The legal action was filed by Dandridge attorney P. Richard Talley against Jason and Mary Ann Tiller, whose son Benjamin Tiller was ultimately found delinquent by reason of first-degree murder in the Oct. 2, killing. The boy has been ordered to remain in state custody until age 19.

Makayla’s mother also asks a jury to award her $5 million in punitive damages against Benjamin’s parents “for their willful, wanton, grossly negligent conduct allowing Benjamin Tiller, an 11-year old, access to a loaded firearm without supervisio­n.”

Authoritie­s said the boy fired the fatal blast at Makayla from a bedroom window of the family’s trailer in White Pine. The boy’s parents were watching a University of Tennessee football game on television at the time.

Authoritie­s said the boy shot Makayla after he asked her to bring a puppy she had recently gotten to his trailer window so he could see it.
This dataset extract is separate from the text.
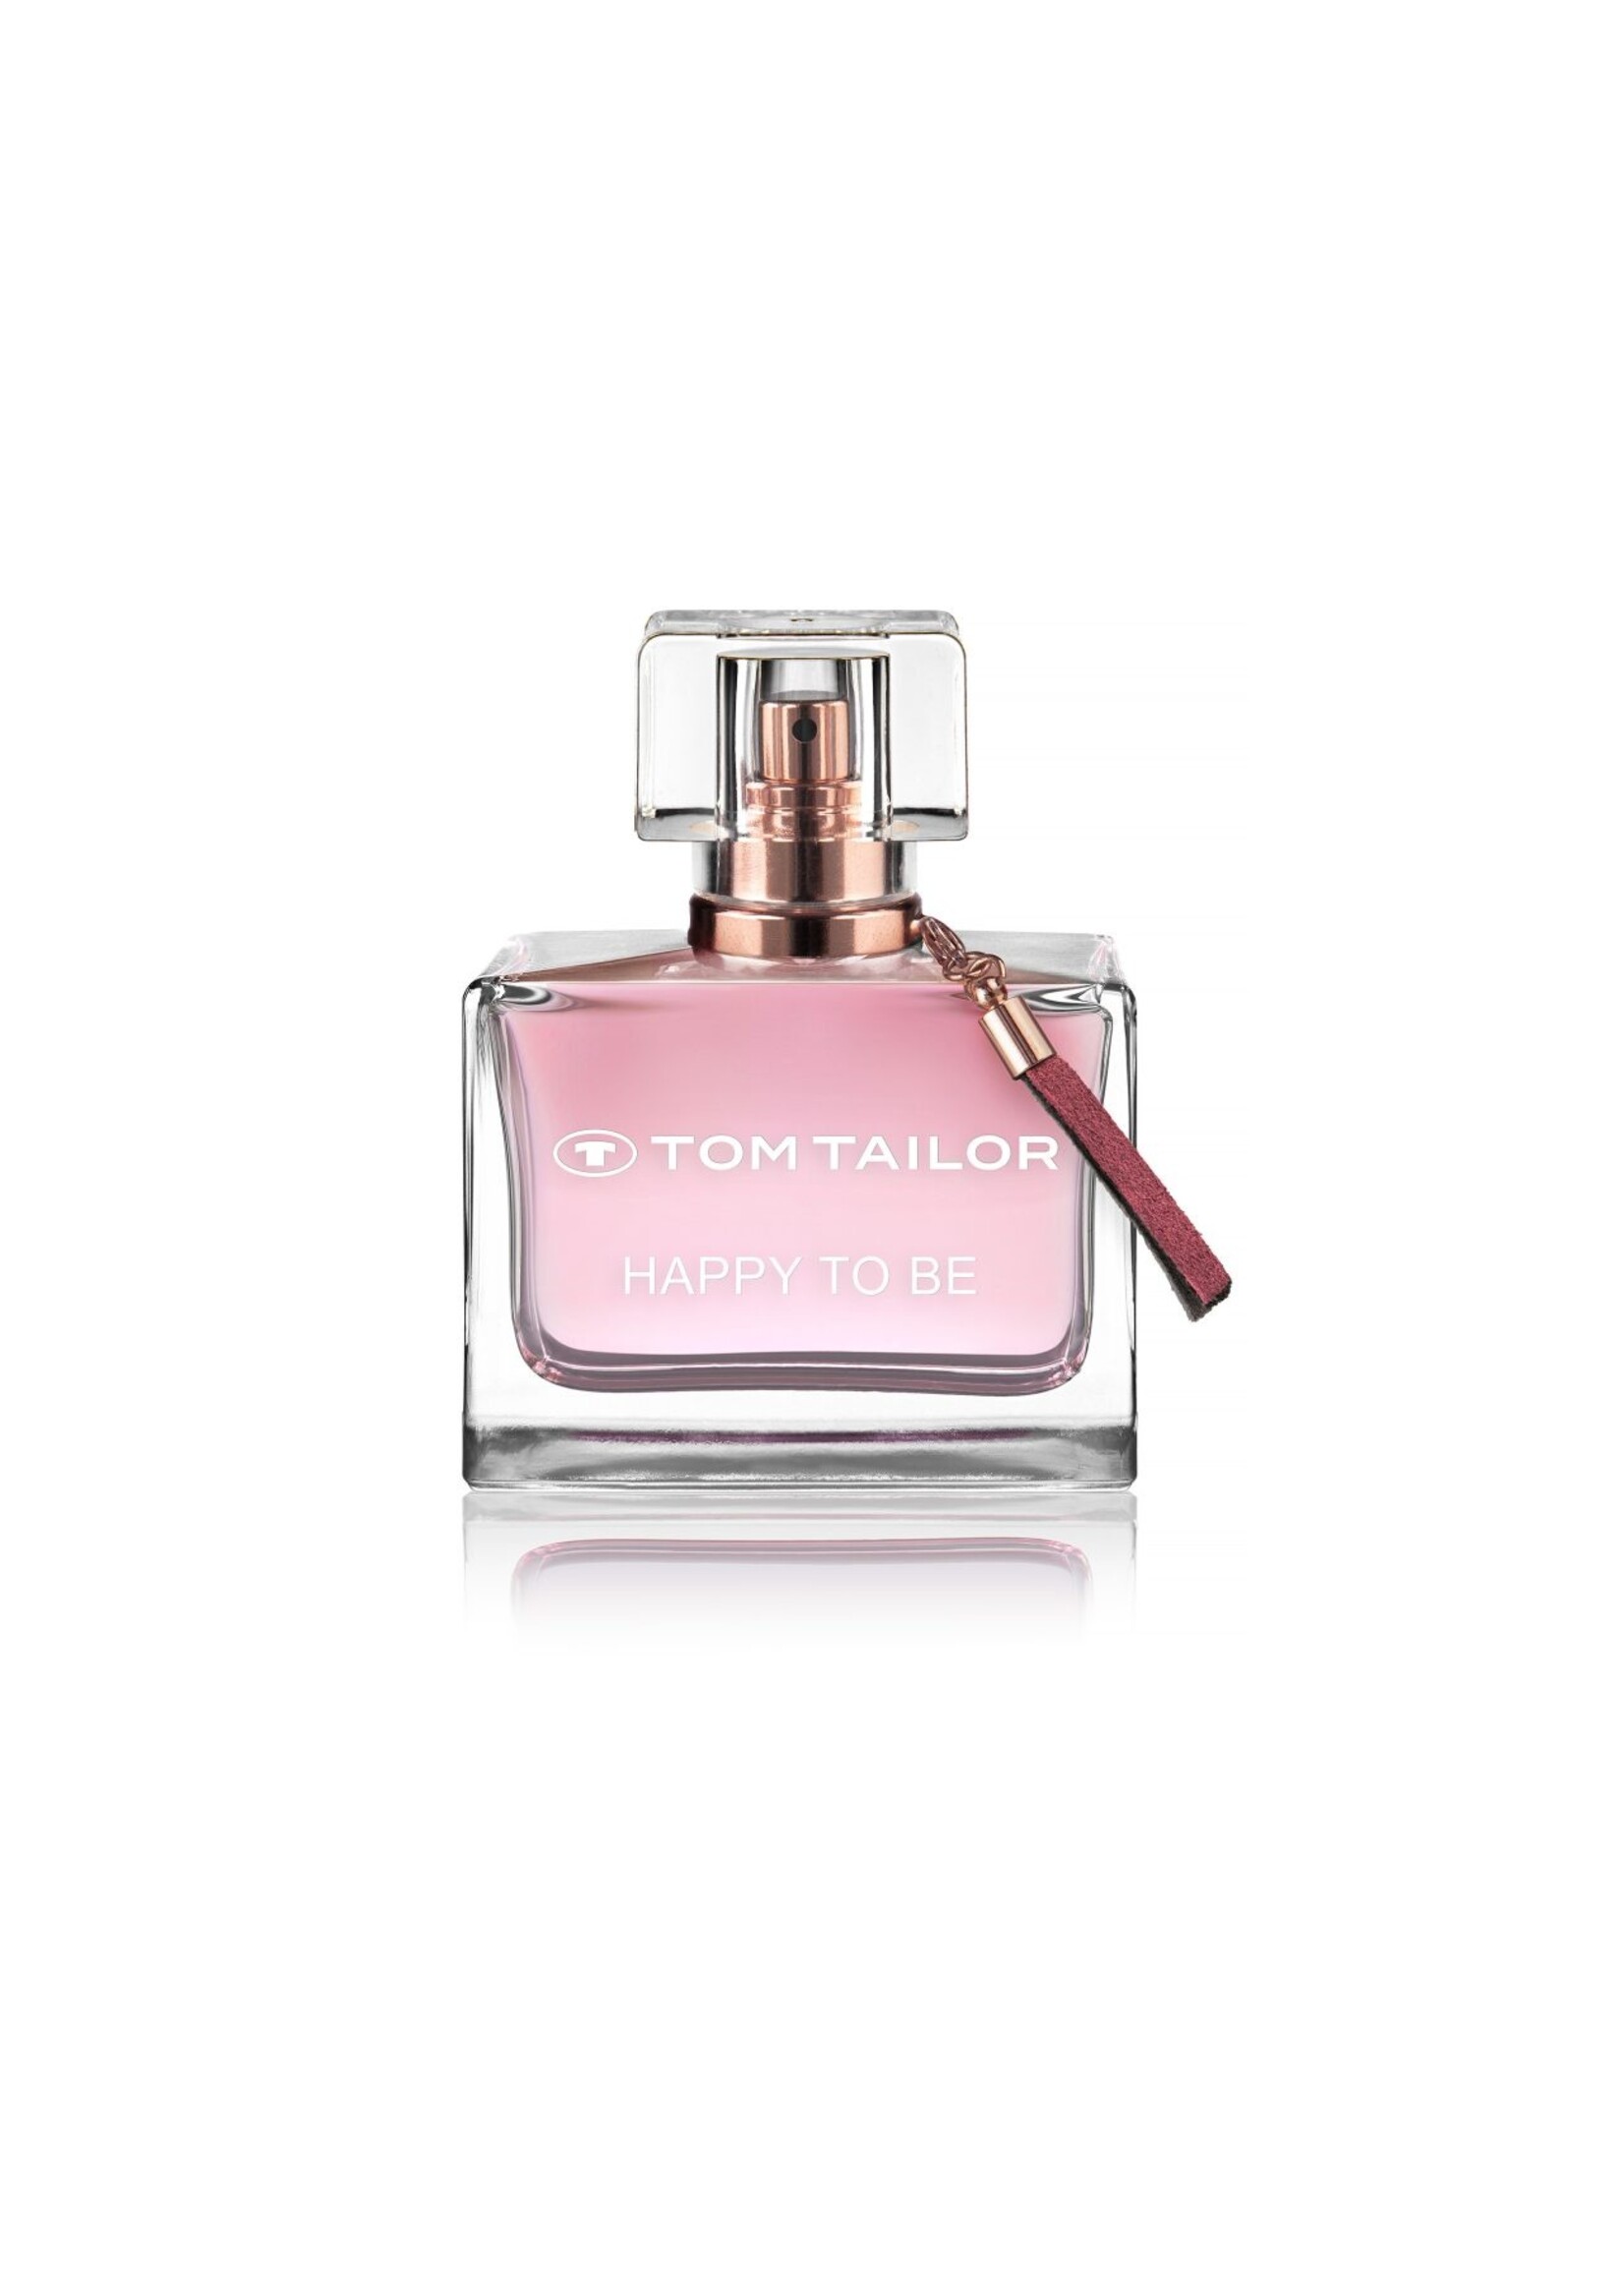 Happy To Be - ROSE Parfumerie De Eau Toilette- TAILOR parfums-PARFUMERIE TOM MARIE Marie-Rose

Authoritie­s never gave specifics about the conversati­on he had with the girls, but the boy got his father’s shotgun from a closet and aimed it out the window.

He fired once at MaKayla before tossing the shotgun and a pellet pistol from the window and then closed the window, the park manager said. Makayla died at the scene. The lawsuit states Latasha Dyer lives in Sevier County. Jason and Mary Ann Tiller live in Virginia, according to the lawsuit.

Latasha Dyer testified before a state Senate committee in March in support of Makayla’s Law, a bill named for her daughter that would have punished gun owners who leave their guns unlocked and available to children — with increased penalties if a child used such a gun to harm another.

A state House committee voted down the bill, which drew opposition from the National Rifle Associatio­n and other gunrights groups, but advocates have vowed to bring the measure back in future legislativ­e sessions.